Where the capital actually goes is revealing. Not in the romance-of-Europe sense, but in the specificity of family selection. Italy is the dominant new entry point. Henley forecasts a net 3,600 millionaire inflow to Italy in 2025, the third-largest absolute inflow globally after the UAE and the US itself (Henley and Partners, 2025). Italy’s Article 24-bis flat-tax regime, introduced in 2017 by the Renzi government and raised to 200,000 euros for new residents from 10 August 2024 under Decree-Law 113/2024, remains the most structured Western European jurisdiction for substantial foreign income. Even at the higher entry price, families with five million dollars-plus in annual foreign income find Italy materially advantageous against ordinary European tax exposure. Milan, Rome, and Lake Como have absorbed the bulk of this flow.

Lisbon is the second concentration. Portugal closed the real estate route of its Golden Visa in October 2023, but the non-habitual resident regime, restructured as the Incentivo Fiscal a Investigacao Cientifica e Inovacao (IFICI), continues for qualifying applicants in research, innovation, and high-value sectors. The American buyer in Lisbon is not pursuing residency through real estate. The buyer is acquiring the lifestyle base. The residency layer is secured separately, often via D7 or D8 visas. Principe Real, Lapa, and Estrela absorb most American capital. The Knight Frank Residence Report 2025/26 lists Comporta, on the Atlantic south of Lisbon, as one of five destinations redefining European luxury living (Knight Frank, 2025b).

Paris attracts a different profile altogether. Buyers in the 7th, 16th, and 6th arrondissements are heritage-oriented, often multi-generational families whose Paris acquisition functions as a long-term family asset, not a tactical fiscal play. The 6th and 7th rarely trade. When they do, the buyer pool is global, with US dollar buyers competing against principals from the Gulf, Latin America, and Asia. Average French residential transactions at the prime level have softened since 2022, but the depth of transaction quality has held at the very top.

There is a less-discussed second wave. Vienna, Athens, and Madrid pulling American capital at smaller absolute volume but accelerating rate. Each represents a different bet. Vienna offers stable Central European positioning with privacy advantages and strong private school infrastructure. Athens offers the cheapest viable Mediterranean entry, with the Greek Golden Visa still operating at 250,000 to 800,000 euros depending on location. Madrid is more counter-cyclical: with the residence pathway via real estate now closed, the lifestyle buyer faces less competition from residency-driven capital, and the market has stabilised at pricing levels looking attractive on a five-year horizon.

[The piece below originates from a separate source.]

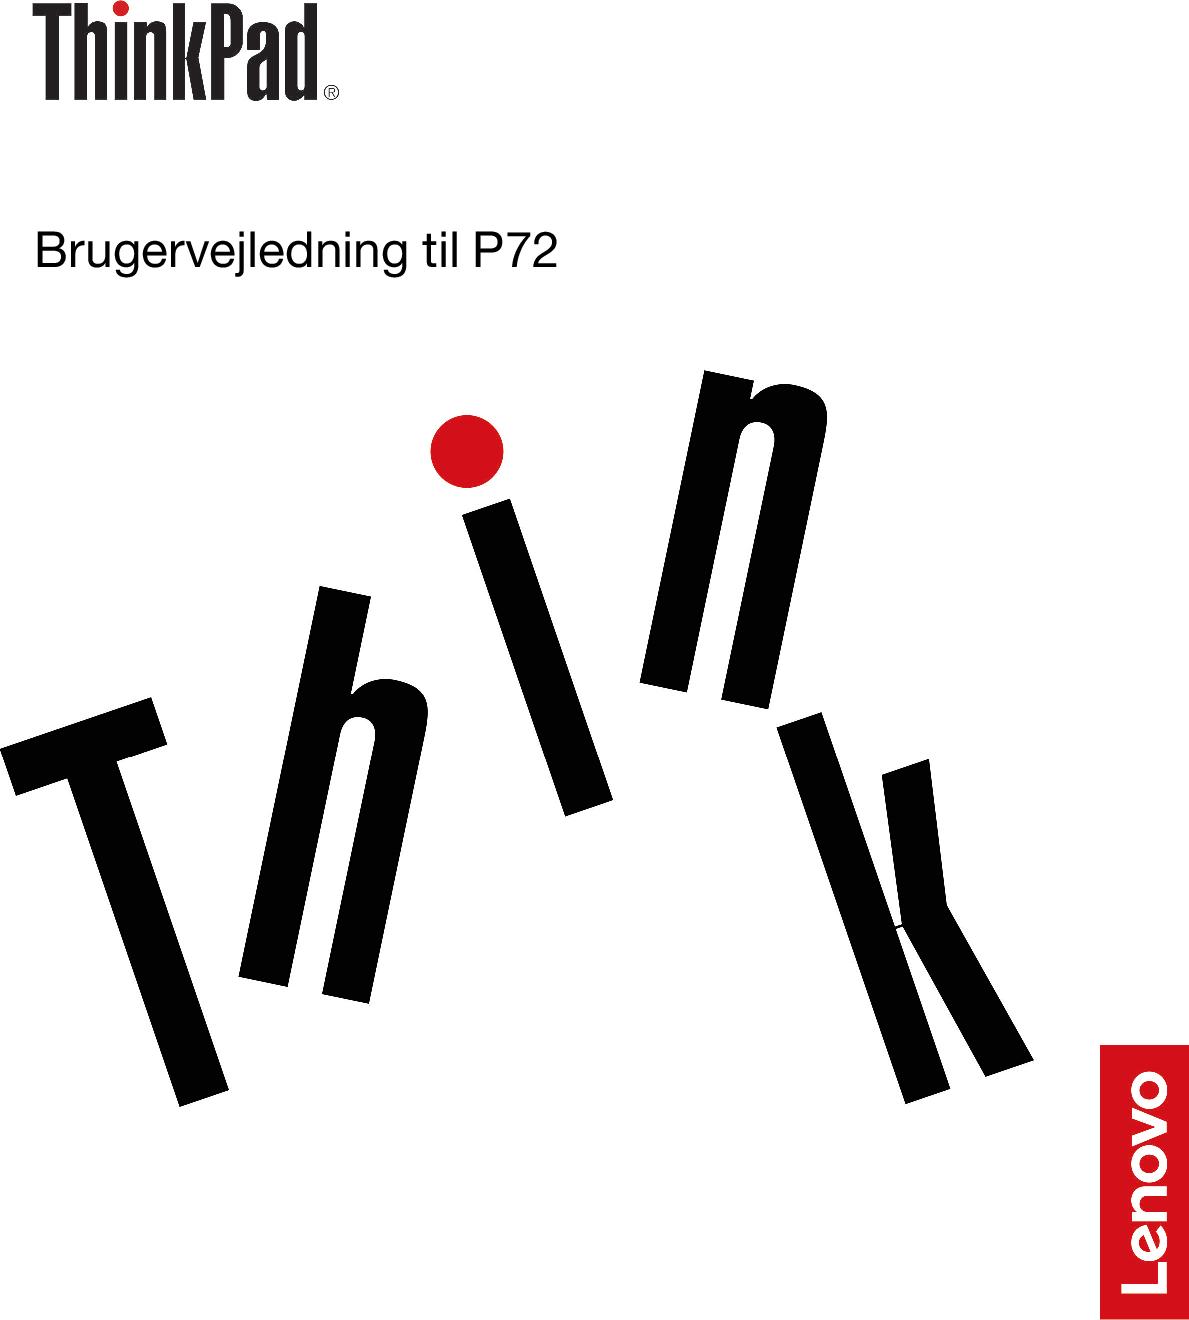 Lenovo Brugervejledning Til P72 (Danish) User Guide Think

The structures American families deploy are sophisticated. Luxembourg holding companies remain the standard for trophy assets, providing flexible succession planning and treaty access. Limited partnerships with European boutique funds are growing for diversified residential exposure, particularly for families wanting yield from luxury rental management without direct asset management. Larger family offices establish European subsidiaries with permanent staff, mirroring how they structure their North American real estate teams. Brooke Harrington’s ethnographic work on wealth managers describes the architecture that makes this possible: trusted private client lawyers and wealth managers operating across jurisdictions, with the principal himself or herself often spending less than 90 days in any single location (Harrington, 2016).

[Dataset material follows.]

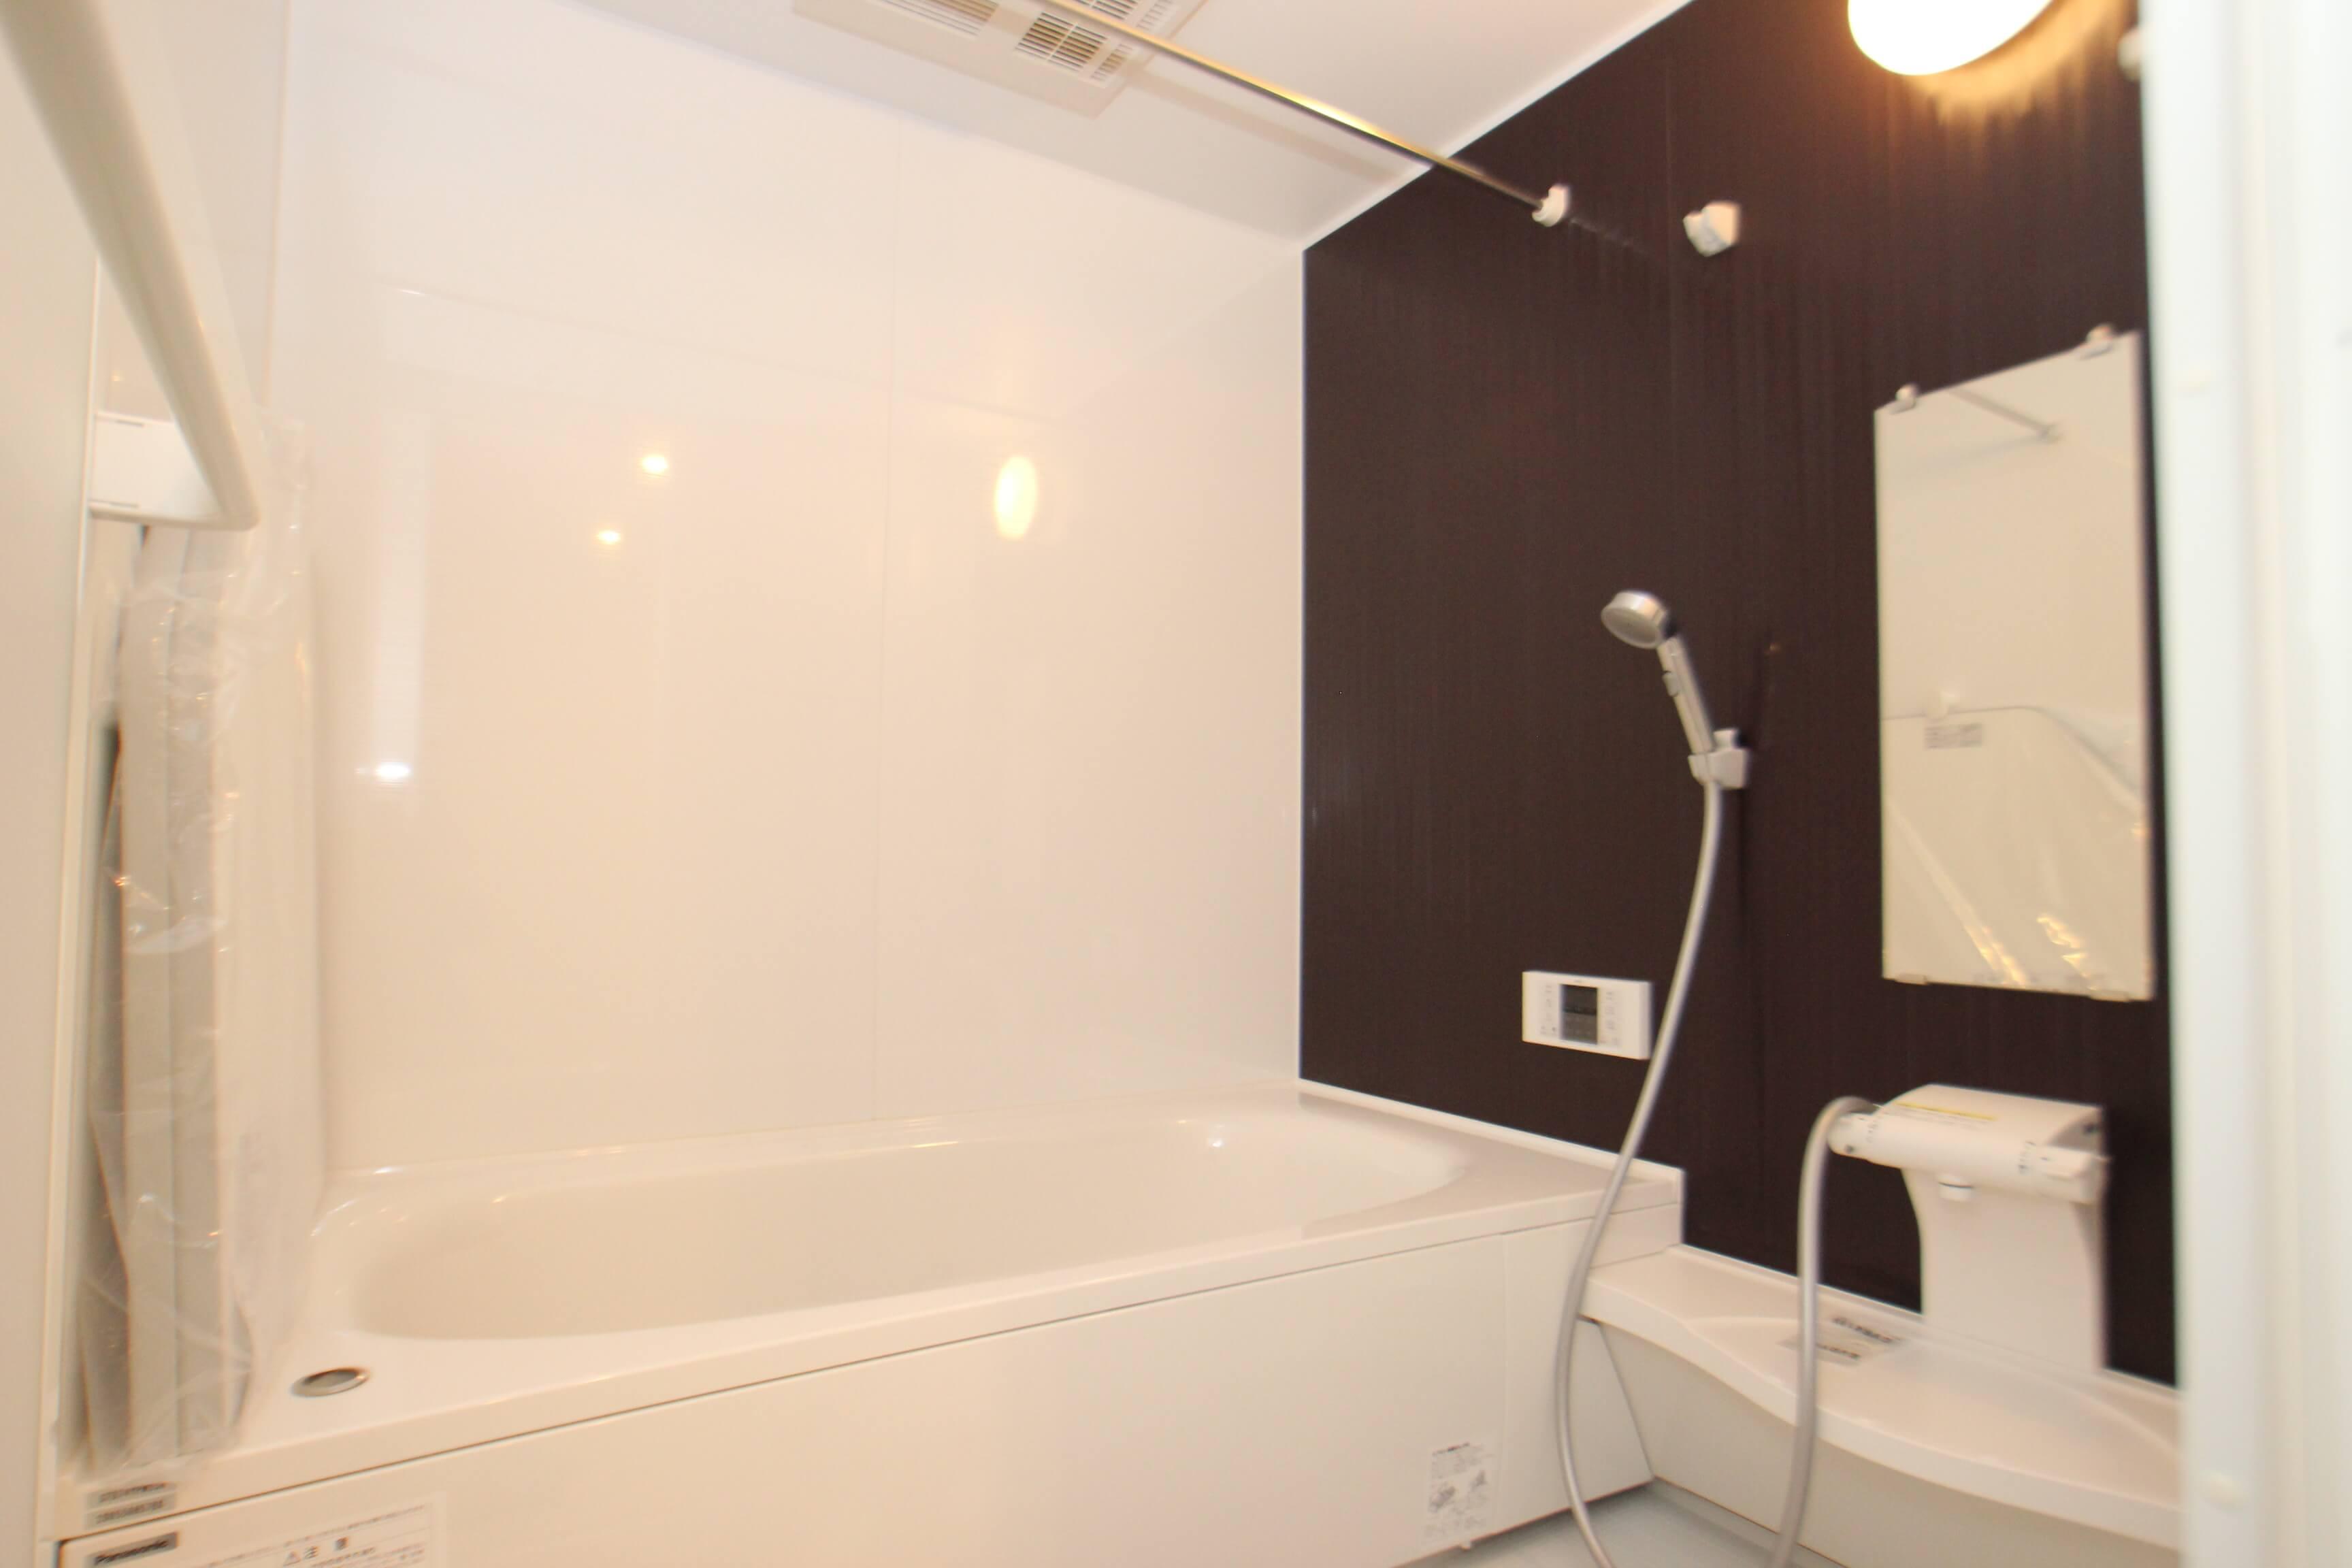 お風呂も広めですよ〜。 追い焚き機能あり・浴室乾燥機もついてます。

Motivation behind the shift is partly defensive, partly opportunistic. The defensive dimension is geopolitical optionality. The 2024 US election cycle, broader political volatility, and concerns about wealth taxation and capital controls in a hypothetical future have moved many American principals to build European exposure as insurance. The opportunistic dimension is valuation. European luxury real estate has lagged American appreciation for a decade. Knight Frank’s PIRI 100 shows Miami at plus 80 percent and Dubai at plus 107 percent over five years against single-digit growth in most European prime markets (Knight Frank, 2026). For families with a long horizon, this gap represents a mean-reversion bet on European recovery cycles.

There is a generational dimension. Next-generation family members increasingly favour European education for their children. International school networks in Paris, Geneva, London, and Milan provide cultural continuity domestic American education cannot match. Buying the residence is also buying the educational infrastructure. Knowles describes how the very rich produce the next generation through deliberate cultural and educational choices, and how the city the family selects shapes the offspring’s identity (Knowles, 2022). The American family office allocating capital to Paris or Milan is not making a return-on-equity bet. It is making a generational bet on where the family’s future will be lived.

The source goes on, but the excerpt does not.